Yogh

This article is about the Middle English letter ȝ. For the IPA letter ʒ, see Ezh. For the Anglo-Saxon rune transcribed as ȝ, see Gyfu.
Capital yogh (left), lowercase yogh (right)

The letter yogh (Ȝ ȝ; Middle English: yoȝ) was used in Middle English and Older Scots, representing y (/j/) and various velar phonemes. It was derived from the Old English form of the letter g.

In Middle English writing, tailed z came to be indistinguishable from yogh.

In Middle Scots, the character yogh became confused with a cursive z and the early Scots printers often used z when yogh was not available in their fonts.[1] Consequently, some Lowland Scots words have a z in place of a yogh.

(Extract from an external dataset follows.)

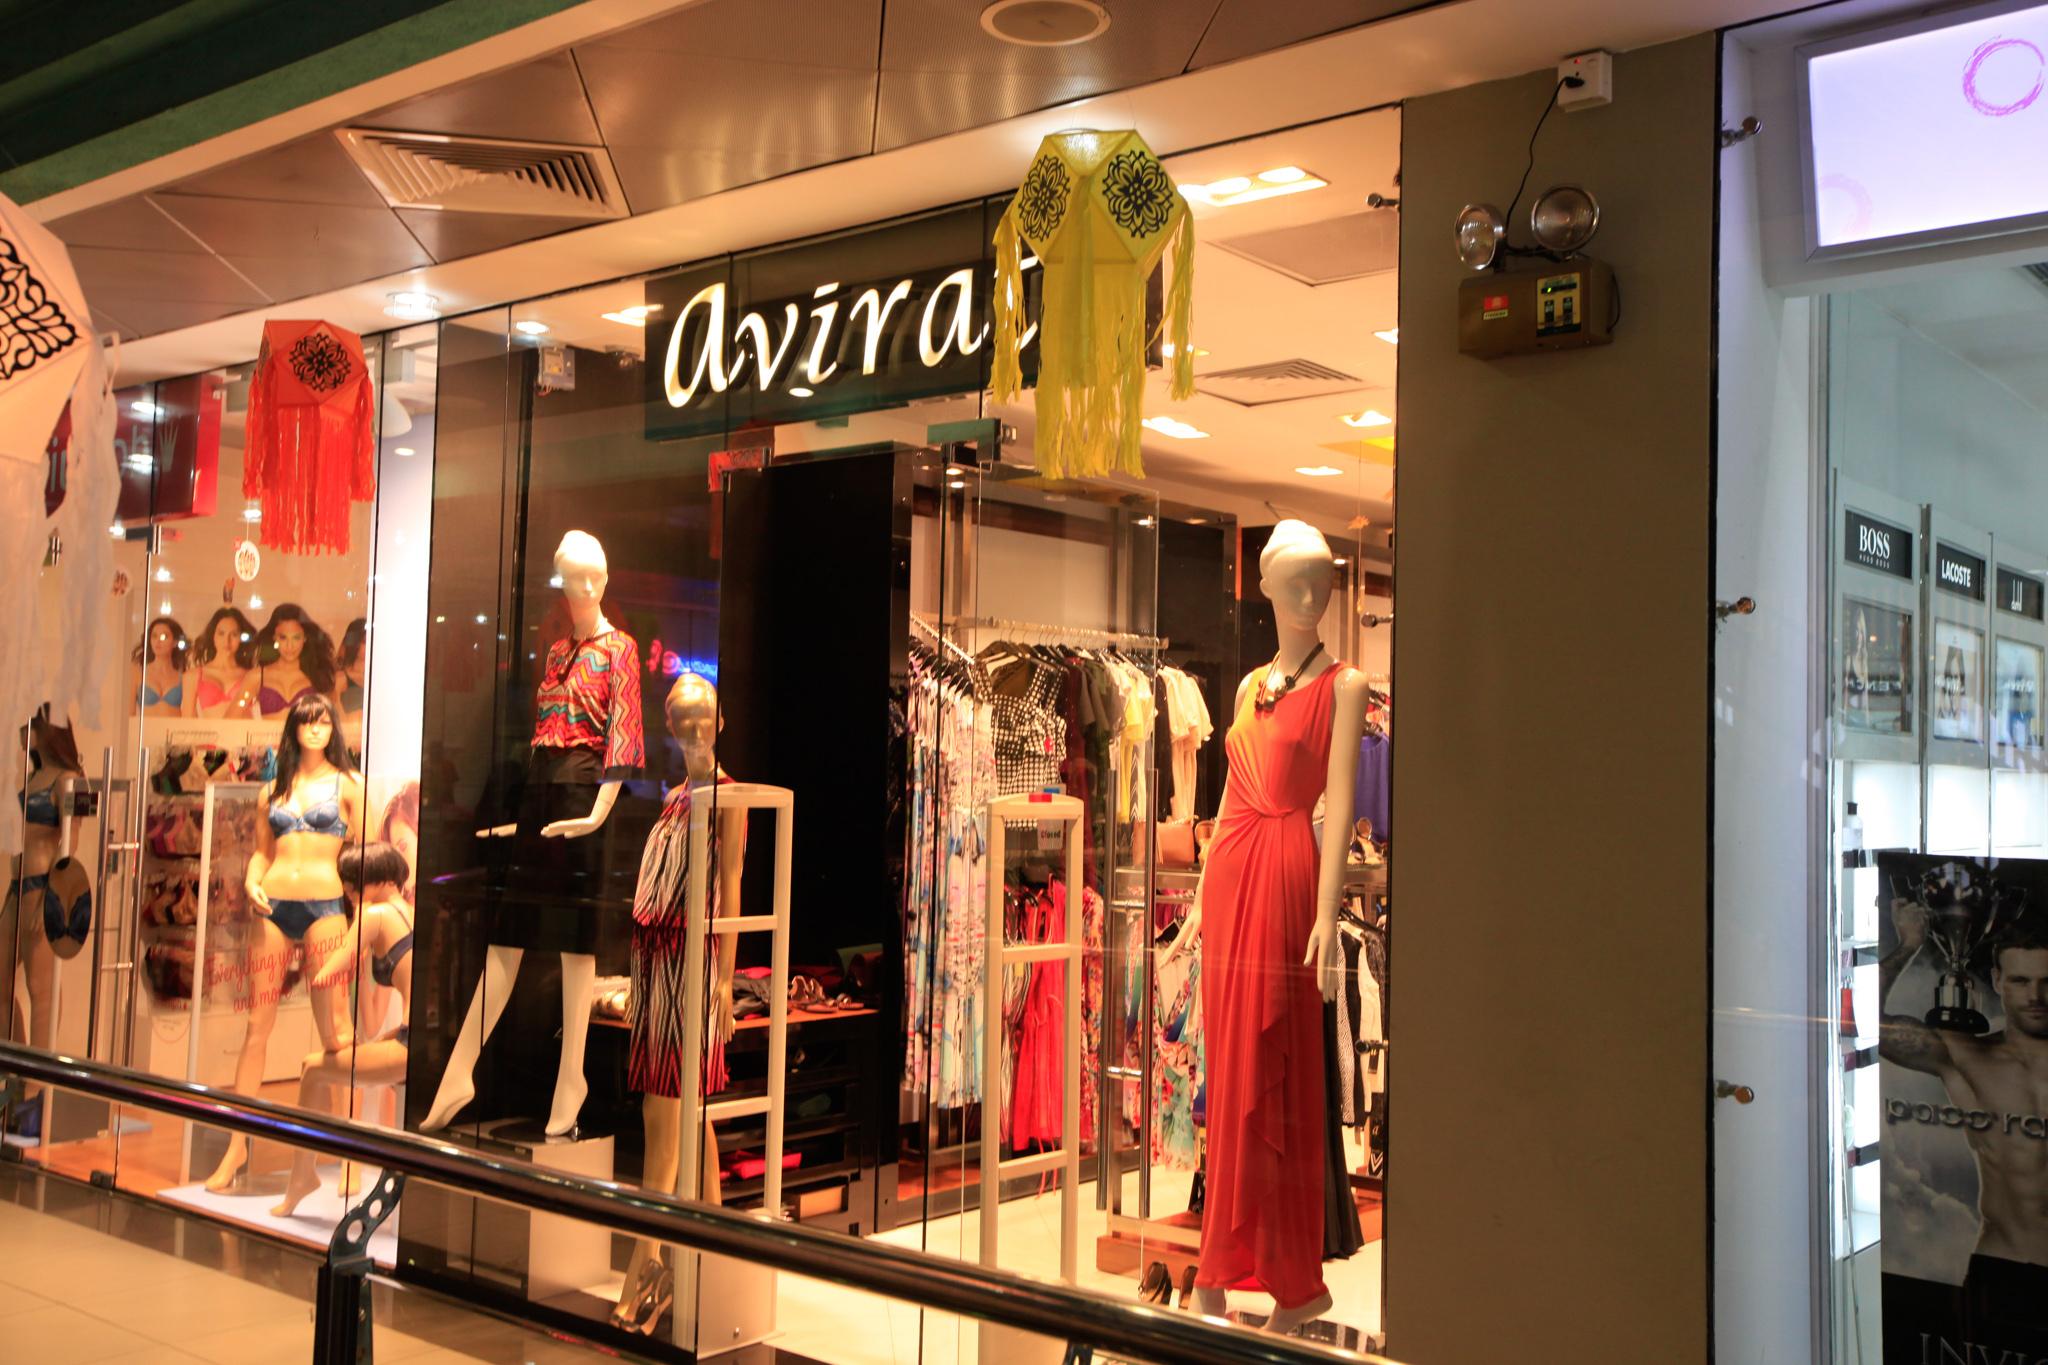 cfd2f96cad Fashion Express Store Locator - LocalStore 60

Yogh is shaped similarly to the Arabic numeral three (3), which is sometimes substituted for the character in online reference works. There is some confusion about the letter in the literature, as the English language was far from standardised at the time. The upper and lower case letters (Ȝ, ȝ) are represented in Unicode by code points U+021C Ȝ LATIN CAPITAL LETTER YOGH (HTML Ȝ) and U+021D ȝ LATIN SMALL LETTER YOGH (HTML ȝ) respectively.

Pronunciation

In Modern English, Yogh is pronounced either UK /ˈjɒɡ/, /ˈjɒx/, with a short o,[2] or US /ˈjɡ/, /ˈjk/, /ˈjx/, with a long o.[3] It stood for /ɡ/ and its various allophones—including [ɡ] and the voiced velar fricative [ɣ]—as well as the phoneme /j/ (y in modern English orthography).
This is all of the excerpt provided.